Denise Murrell is a curator at large for 19th- and 20th-century art at the Metropolitan Museum of Art in New York City. [1] [2] She is best known for her 2018 exhibition Posing Modernity: The Black Model from Manet and Matisse to Today, which explored how French Impressionist painters and later artists portrayed black models.
In 2019, the New York Observer included her on its "Arts Power 50" list of "individuals working to strengthen the impact, reach, social responsibility or financial stability of the arts industry". [3]
Murrell spent her teenage years in Gastonia, North Carolina. At the time, she aspired to become a history professor. [4]
Murrell earned her M.B.A. from Harvard Business School in 1980. [5] She was one of only 30 black students in her class and one of less than ten women. [4] [6] Murrell began her career in business and finance at Citicorp bank and Institutional Investor publishing group. [4] In 1997, she became the managing director for the Institutional Investor's Research Products Group. [7]
While still working in business, Murrell began to take classes in art history at Hunter College and earned a Master's as well as PhD in the subject at Columbia University. [6] During her classes, she was often surprised by the way her professors failed to discuss black figures in famous works such as Édouard Manet's 1863 painting Olympia , and the experience drove her to learn more about the African diaspora in Western art. [4]
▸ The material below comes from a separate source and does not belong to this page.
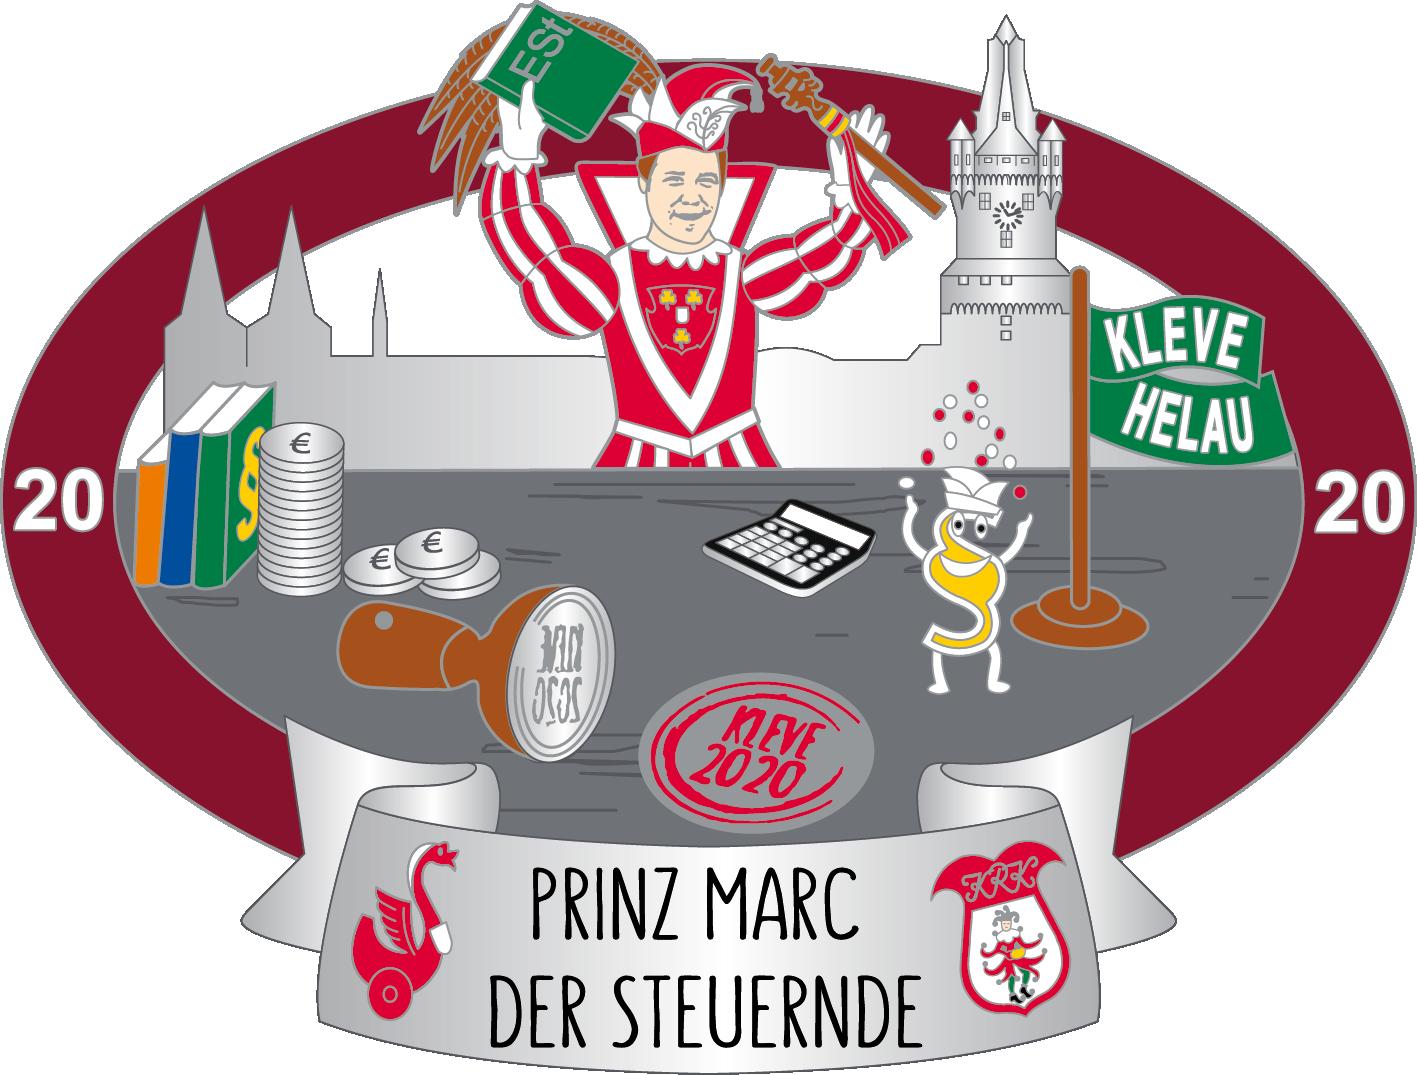 Prinz Marc

After receiving her PhD, Murrell initially had difficulty securing a position. [8] Finally, she gained her first position in the field writing and giving gallery talks at the Metropolitan Museum of Art in New York City. She began specializing in several areas, including African American and diasporan art, Henri Matisse, the School of Paris, Édouard Manet, and Impressionism. [6] After Ford Foundation president Darren Walker read her dissertation, the foundation awarded Murrell a $100,000 postdoctoral research fellowship in 2014 to carry out her work. [8]
The research led to her first exhibition, staged at the Wallach Art Gallery at Columbia University, called Posing Modernity: The Black Model from Manet and Matisse to Today. [9] The show was built around the maid of Manet's Olympia, a model named Laure, who had often been overlooked by art critics and historians. The exhibition also included works such as Miss La La at the Cirque Fernando by Edgar Degas, Frédéric Bazille’s Young Woman with Peonies , the Harlem paintings of Matisse, and responses to Olympia by black artists such as Romare Bearden's Patchwork Quilt. [8] [10] [11] [12]
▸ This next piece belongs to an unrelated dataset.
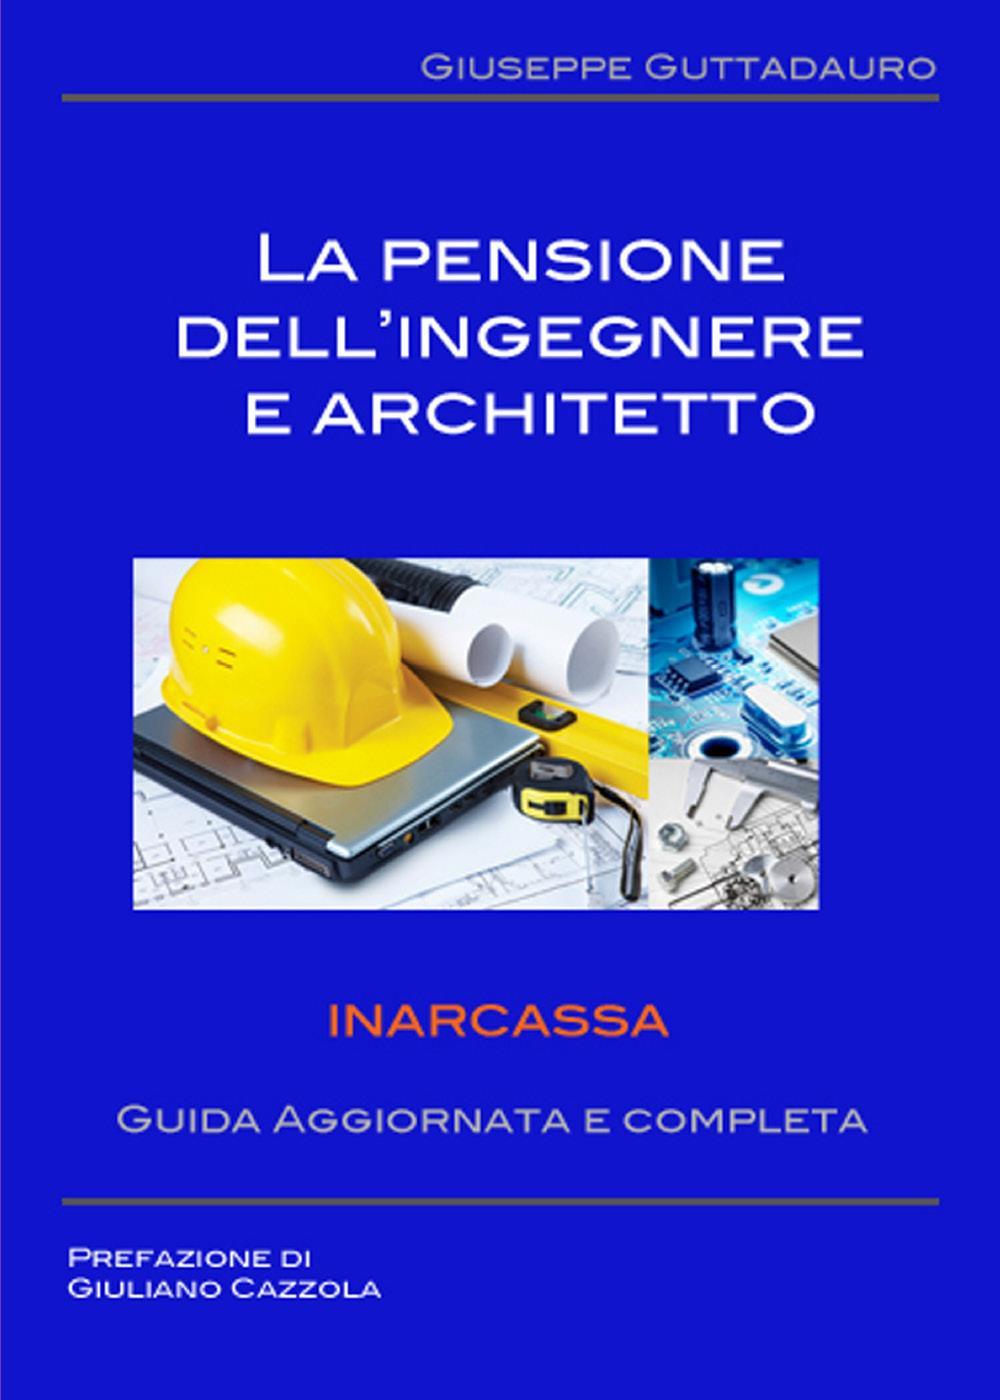 La pensione dell'Ingegnere e Architetto

The exhibition was then brought to the Musée d’Orsay in Paris, France, where it was exhibited under the title Black Models: From Géricault to Matisse (French : Le Modèle noir, de Géricault à Matisse). [9] The show was described by a Wall Street Journal critic as "groundbreaking", [11] and it drew rave reviews. [1] [13] As a companion piece to the exhibition, American conceptual artist Glenn Ligon created a commissioned installation for the Musée d’Orsay titled Some Black Parisians, in which the formerly forgotten names of these black models are displayed with neon lights. [14]
Murrell also authored a companion book to the exhibits, identically titled to Columbia's exhibition. [15] Art critic Roberta Smith of the New York Times named it one of the top art books of 2018, writing that its "new ideas and approaches change everything" in the way art historians consider the French Impressionists. [16]
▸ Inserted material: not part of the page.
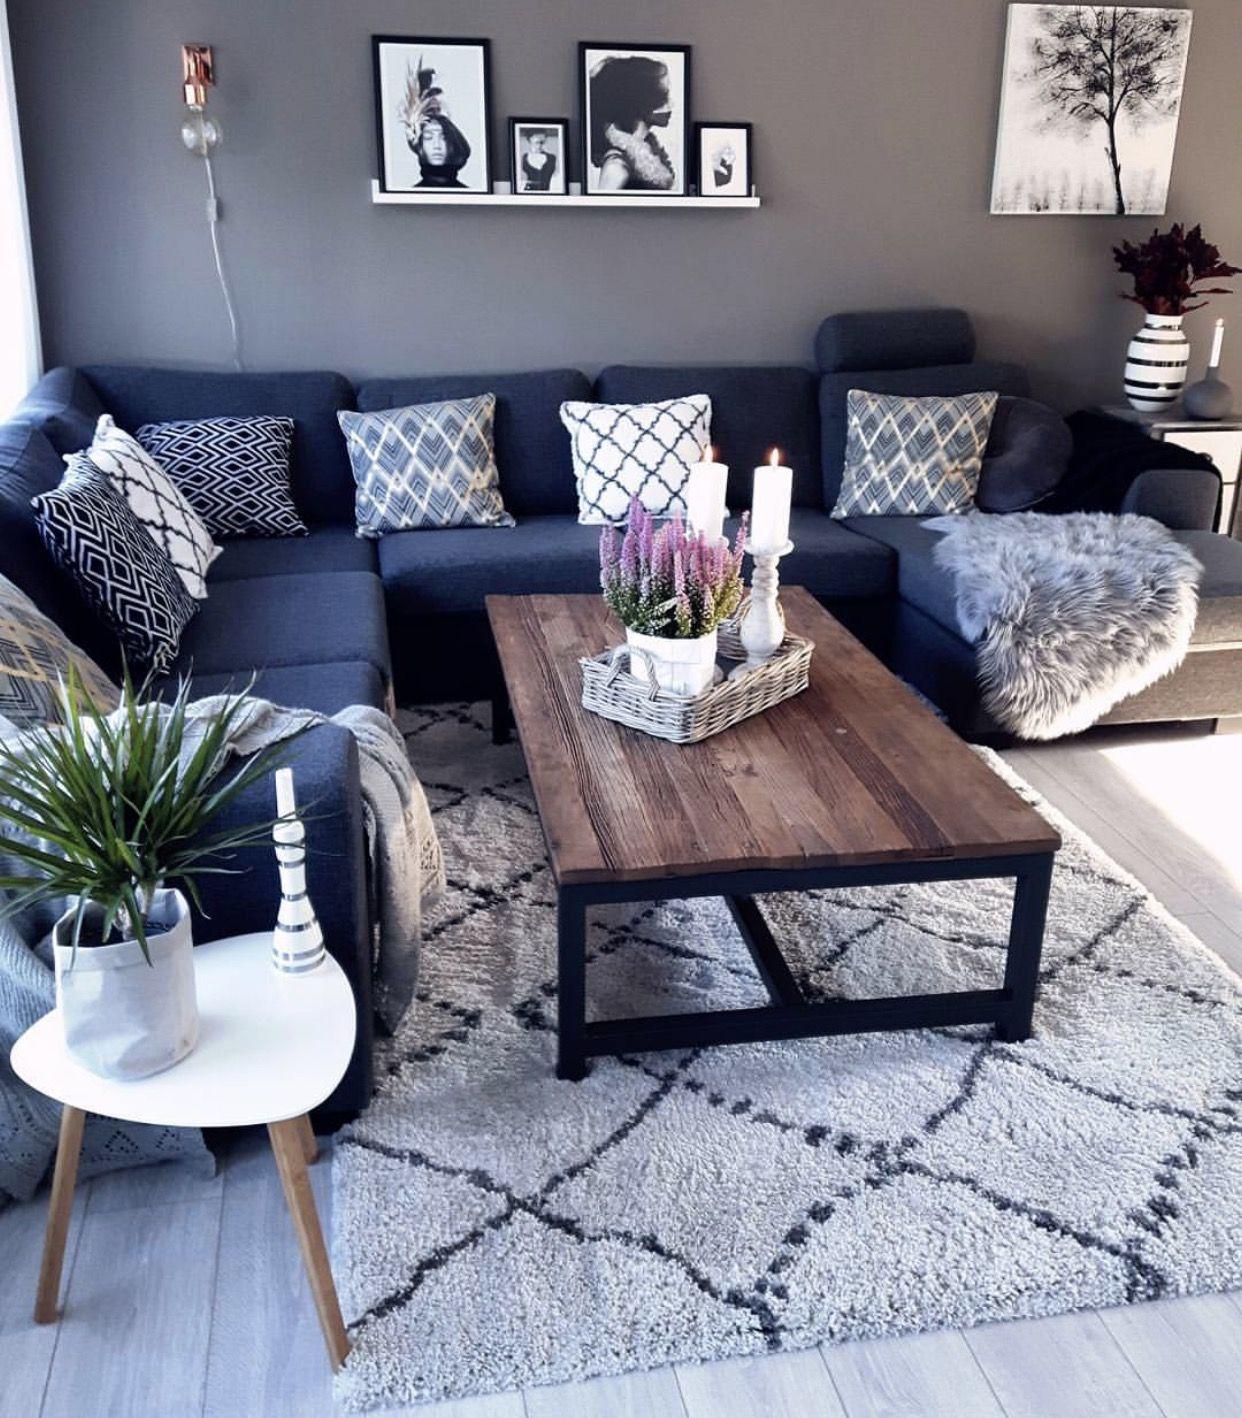 moderne wohnzimmer einrichtung | decoração da sala, sala de

Following the exhibition, the New York Observer included Murrell on its "Arts Power 50" list of "individuals working to strengthen the impact, reach, social responsibility or financial stability of the arts industry". [3] In Murrell's listing, the author joked that Murrell was "probably the first business executive turned curator whose doctoral thesis became a blockbuster exhibition". [3]
In 2020, Murrell joined the Metropolitan Museum of Art (referred to colloquially as "the Met") as an associate curator. The New York Times reported on her hiring as "noteworthy" given the traditional lack of curators of color at the museum, and a sign of a change in philosophy under the Met's new director Max Hollein. [13] Murrell stated that the Met was moving toward "a reconsideration of the West that moves away from an exclusively European culture; a deeper presentation of artists of color and a greater breadth of images depicting people of color". [13]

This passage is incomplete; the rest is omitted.